The estimated impact range of 10,000 to 100,ACE000 records places this incident in the mid tier of union sector breaches, but the population affected is particularly sensitive given the role TWU Local 100 plays in representing critical infrastructure workers.

What Was Taken

Public filings confirm four categories of data types were impacted in the incident, though the union has not yet enumerated each category in full public detail.

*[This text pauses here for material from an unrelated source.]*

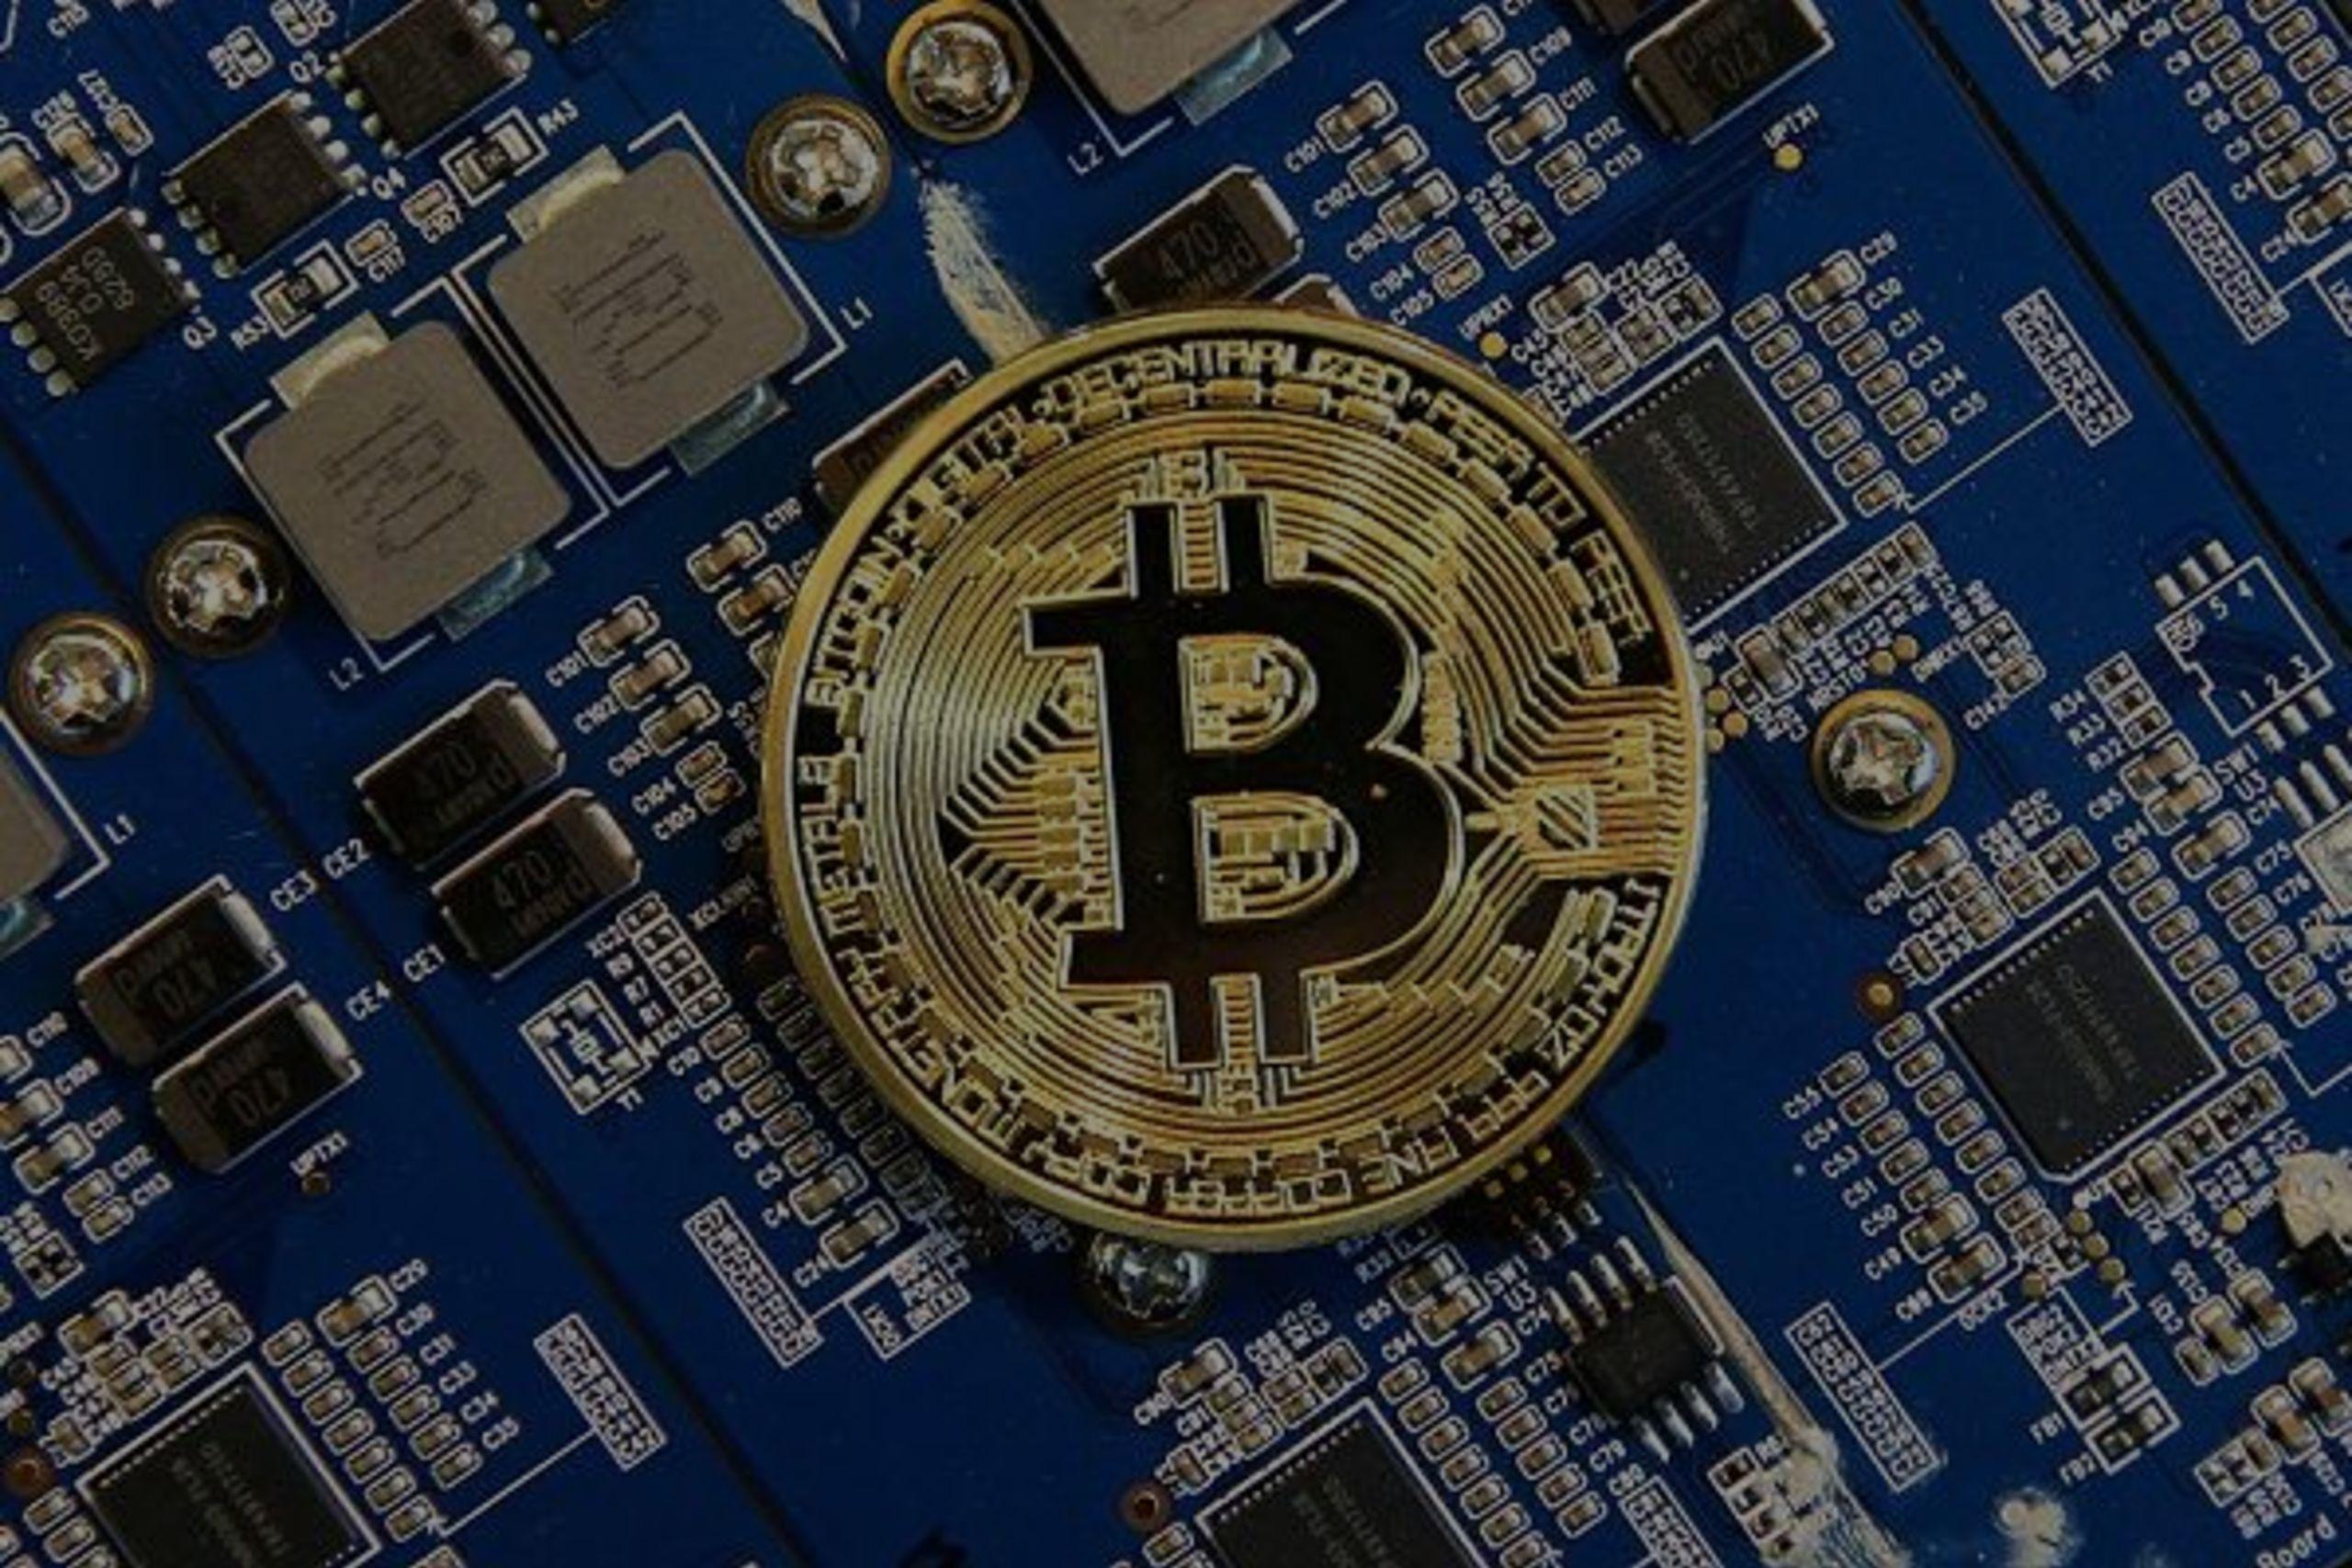 Will Bitcoin Fever Affect Boynton Beach Homeowners?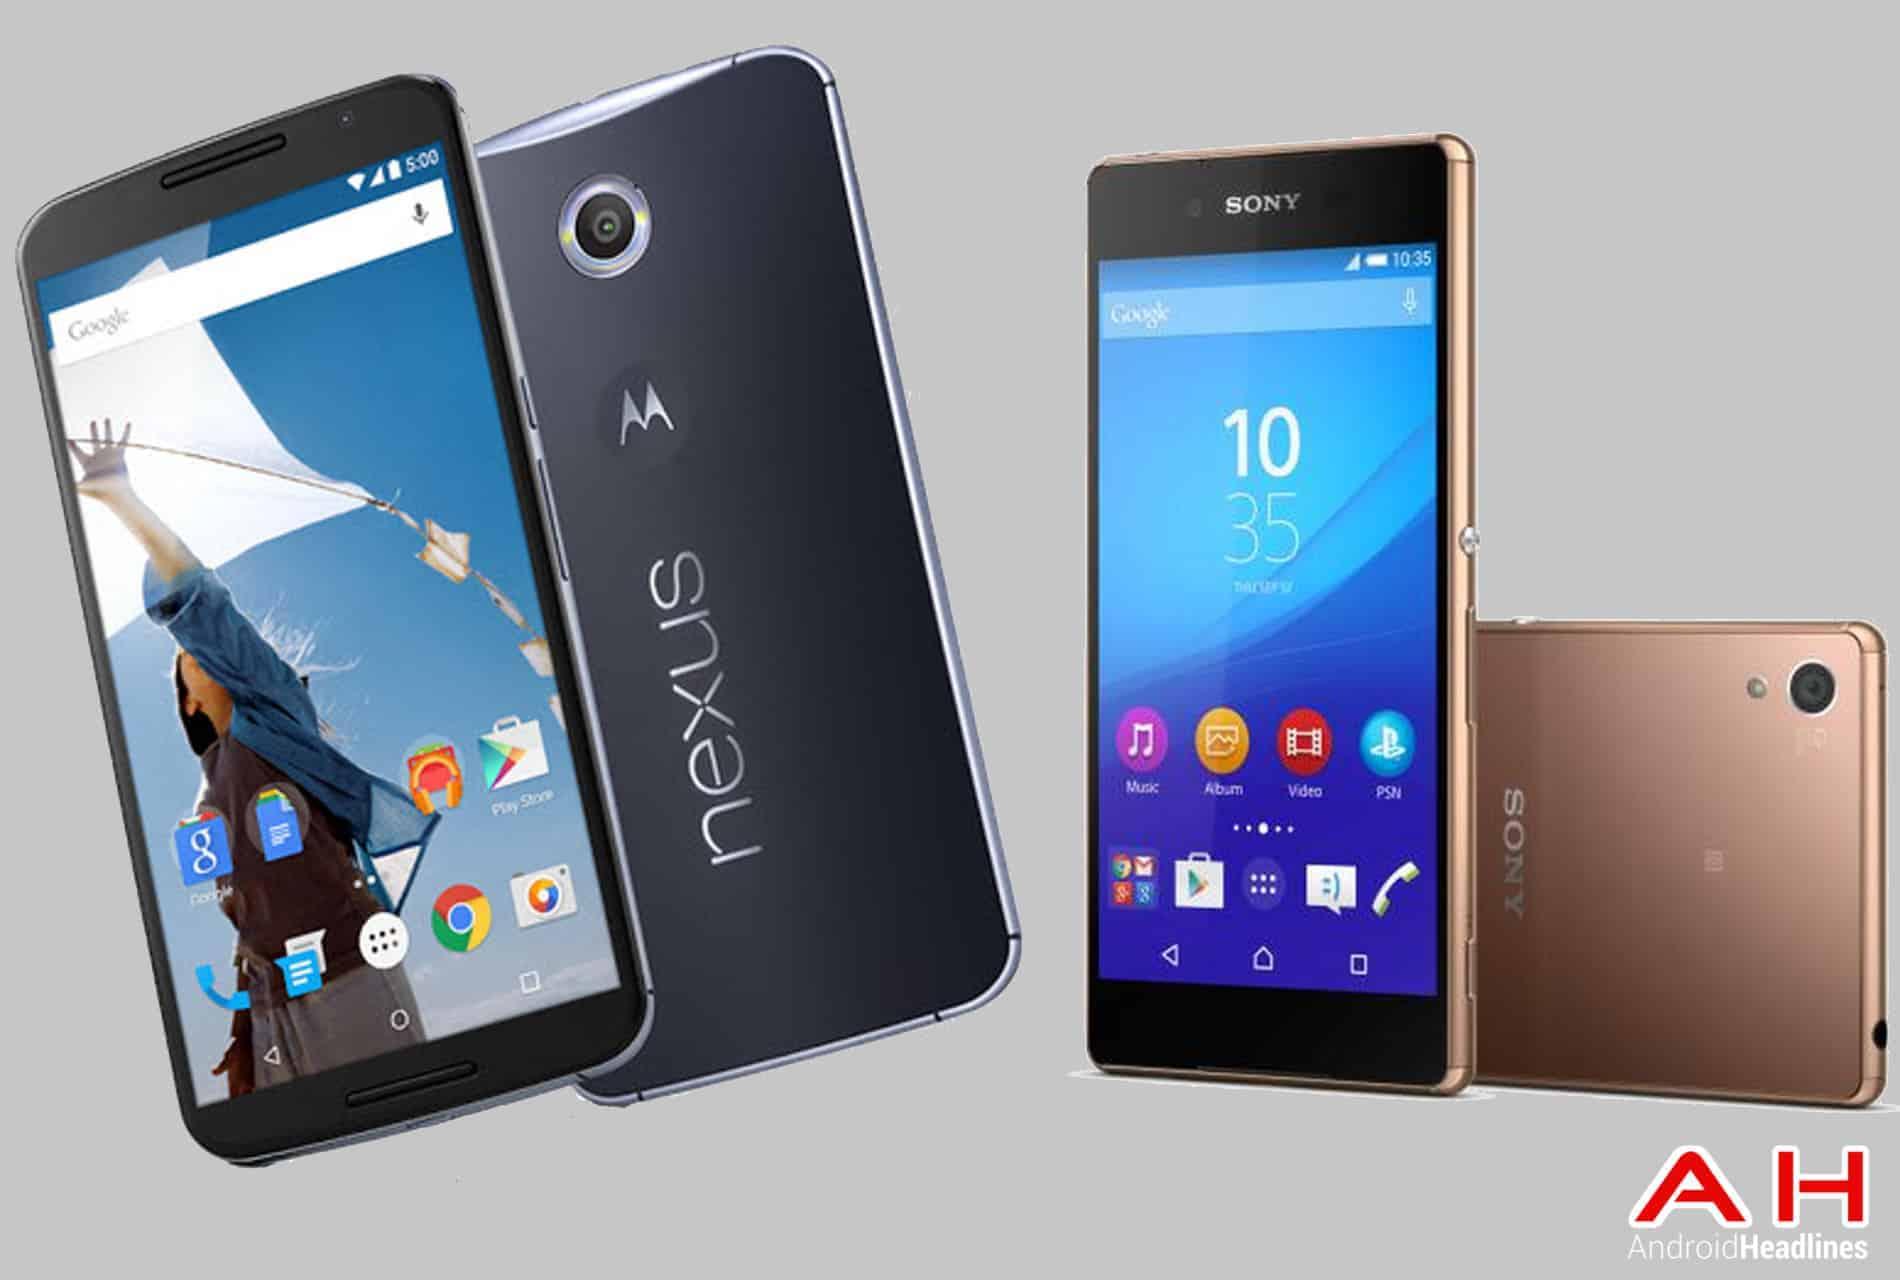 Xperia Z4 vs Nexus 6 cam AH

Based on standard breach patterns affecting labor organizations of this size and the regulatory threshold that triggered an attorney general filing, the exposed data set is highly likely to include:

• Member personally identifiable information (PII), including full names, home addresses, and dates of birth
• Social Security numbers or other government issued identifiers, the typical trigger for state level AG notification
• Financial account or dues payment information tied to payroll deduction records
• Employment data linking members to specific transit roles, depots, or MTA divisions

Records affected fall in the 10,000 to 100,000 range, suggesting a substantial portion of the membership roster was exposed.

Why It Matters

TWU Local 100 represents workers who keep New York City's subway and bus systems operational. A compromise of this membership database is not merely a privacy event; it is a soft targeting opportunity for adversaries interested in transit sector personnel. Threat actors with state aligned or financially motivated objectives can leverage member rosters for spear phishing campaigns aimed at MTA employees, social engineering against transit operations staff, or identity fraud at scale against a workforce that historically has limited cybersecurity training compared to corporate environments.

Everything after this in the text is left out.